Anryuth trok een zure blik, ‘Phiz, ben jij dat?’ Phiz was een agent van het rattengilde, een gilde dat overal tegelijkertijd ontstond en allerlei klusjes deed. Niemand wist precies waar ze vandaan kwamen de meest hardnekkige geruchten die het rattengilde achtervolgde was dat ze zich meester hadden gemaakt van het ambacht genaamd spionage. Er gingen zelfs geruchten dat het rattengilde elk keizerrijk in hun klauwen had. Anryuth had echter een hekel aan Phiz en zijn gezicht werd met de seconde zuurder. Phiz was namelijk zo iemand die nog een schuld te vereffenen had met de Warlock. Anryuth werd dankzij Phiz achter tralies gezet, hij zou een vrouw van lichte zeden hebben beroofd. Phiz was in die tijd een bodyguard voor een hoerenloper en elke keer als een vrouw bij hem vandaan kwam kreeg Phiz de opdracht haar te volgen en te beroven, dat ging goed totdat er ook vrouwen van vermogen werden versierd door de fantast en Phiz dankzij zijn werkgever de verkeerde vrouw beroofde, er moest een zondebok komen. Wie beter dan de Ork die net de stad was binnengekomen? Ja Anryuth heeft het achteraf allemaal gehoord van de oude man in zijn kerker, diezelfde man die hem hielp te ontsnappen maar wie hij nooit meer heeft kunnen bedanken. Maar Phiz was hier, en hij kon nu volledig terugbetaald worden.
Het zure gezicht veranderd in een grimas en de Ork voelde of zijn dolk nog goed in zijn wapenriem zat. ‘Je krijgt de groeten van Brodderlug,’ hoorde hij de rat zeggen. ‘Aah,’ dacht de Ork ik kan twee schulden in een keer vereffenen? Eentje nemen en eentje geven. ‘Welke kerker,’ vroeg Anryuth. De rat knarste met zijn tanden, ‘een transactie, een overeenkomst, ja een afspraak.’ De Ork zijn gezicht verzuurde weer, ‘welke kerker?’ herhaalde hij.
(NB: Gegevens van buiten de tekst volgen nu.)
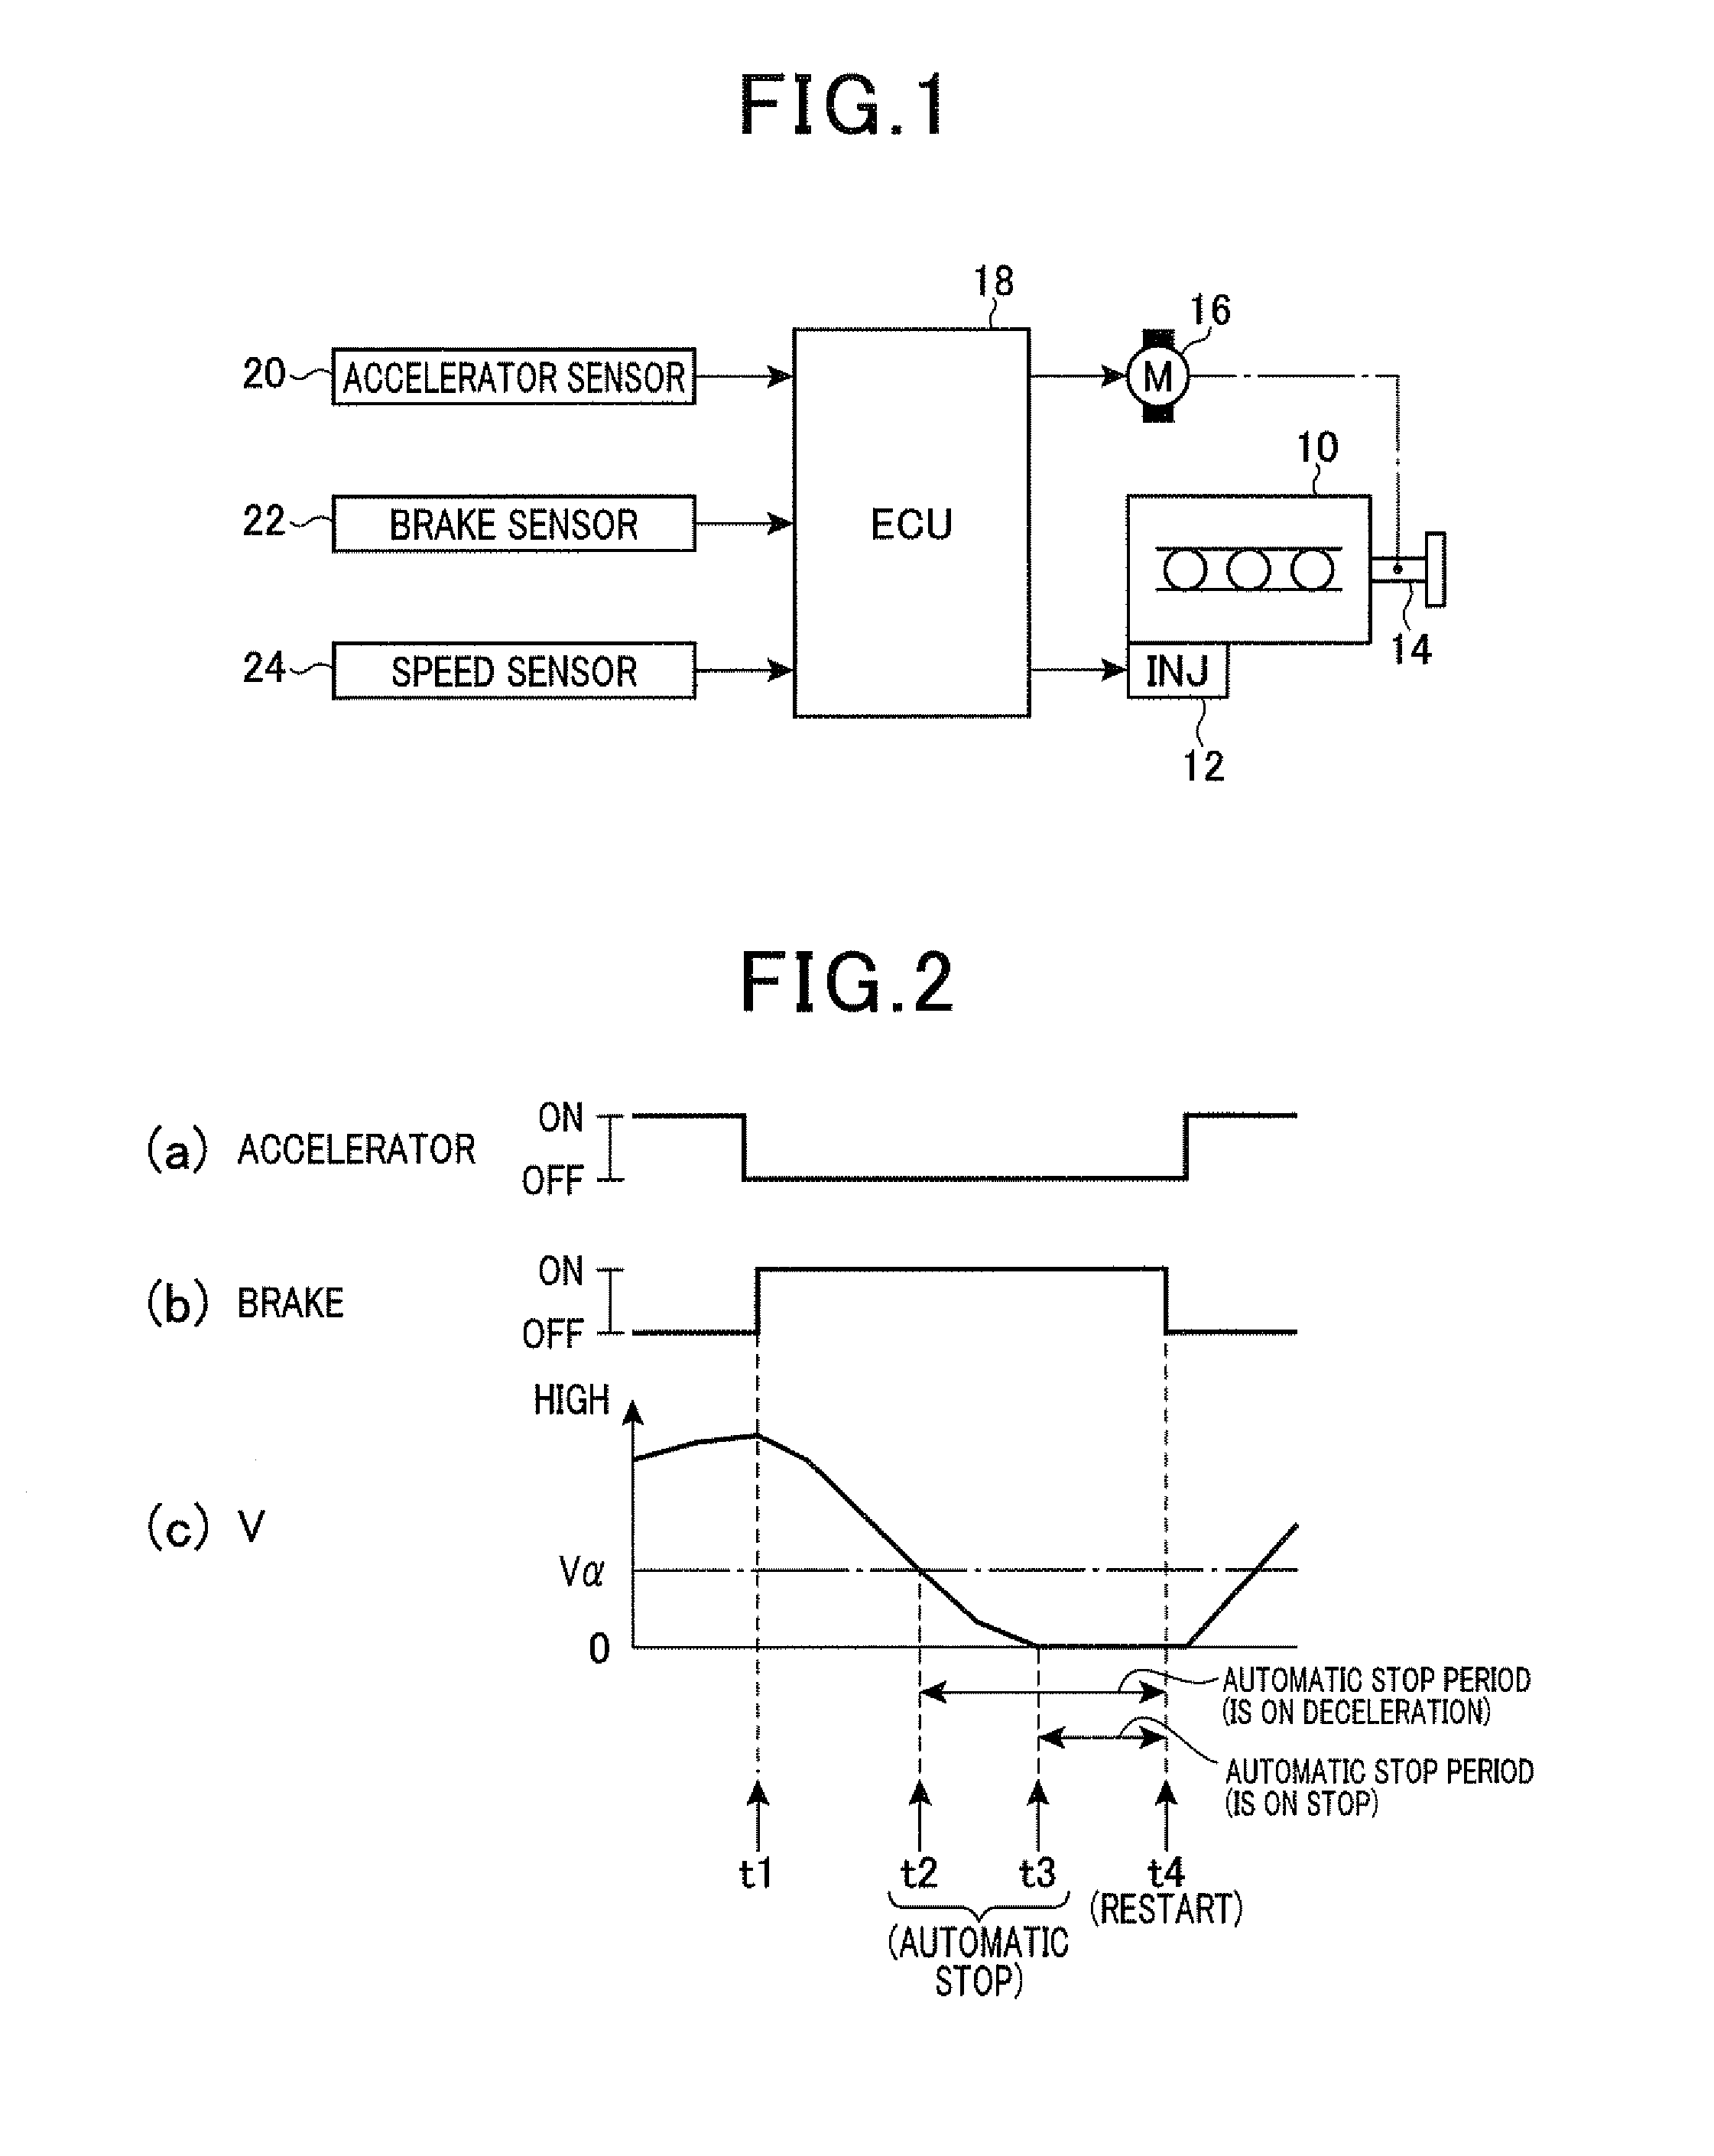 Control apparatus for automatic stop of engine

De rat begon rondjes te draaien. ‘Mij laten gaan.’ Zei de rat, ‘ik vrij, Brodderlug vrij.’ De Ork had geen keus, hij kon nog altijd een mes in de rug van Phiz draaien, maar hij wist dat Phiz hetzelfde zou doen. Anryuth spuugde op de grond en herhaalde zichzelf weer, ‘welke kerker?’ De rat stopte met rondjes rennen likte aan de grond en antwoordde, ‘fort bij de Noorder poort.’ Anyruth knikte, pakte zijn uitrusting en sloeg zijn cape om. ‘Wat doe je,’ schreeuwde de rat, ‘jij hebt je pactgenoot niet er zijn soldaten, een plan. We moeten een list bedenken, een afleidingsmanoeuvre, ja een plan, een list, ja, ja.’ Anryuth trok een glimlach, dus zelfs de ratgilde wist niets van zijn andere krachten, of deden ze alsof en was dit ook een list? Hoe dan ook de rat had gelijk het was niet slim om zijn andere magie hier los te laten. Niet nu en misschien wel nooit niet. ‘Goed,’ zei de Warlock. ‘Kan je gilde helpen?’ De rat begon te springen ‘volg mij, ja volgen, ja waarheen? Daarheen? Ja, volg.’ Anryuth deed wat de rat hem opdroeg en volgde. Met elke stap die hij zette kreeg hij medelijden met de dwerg.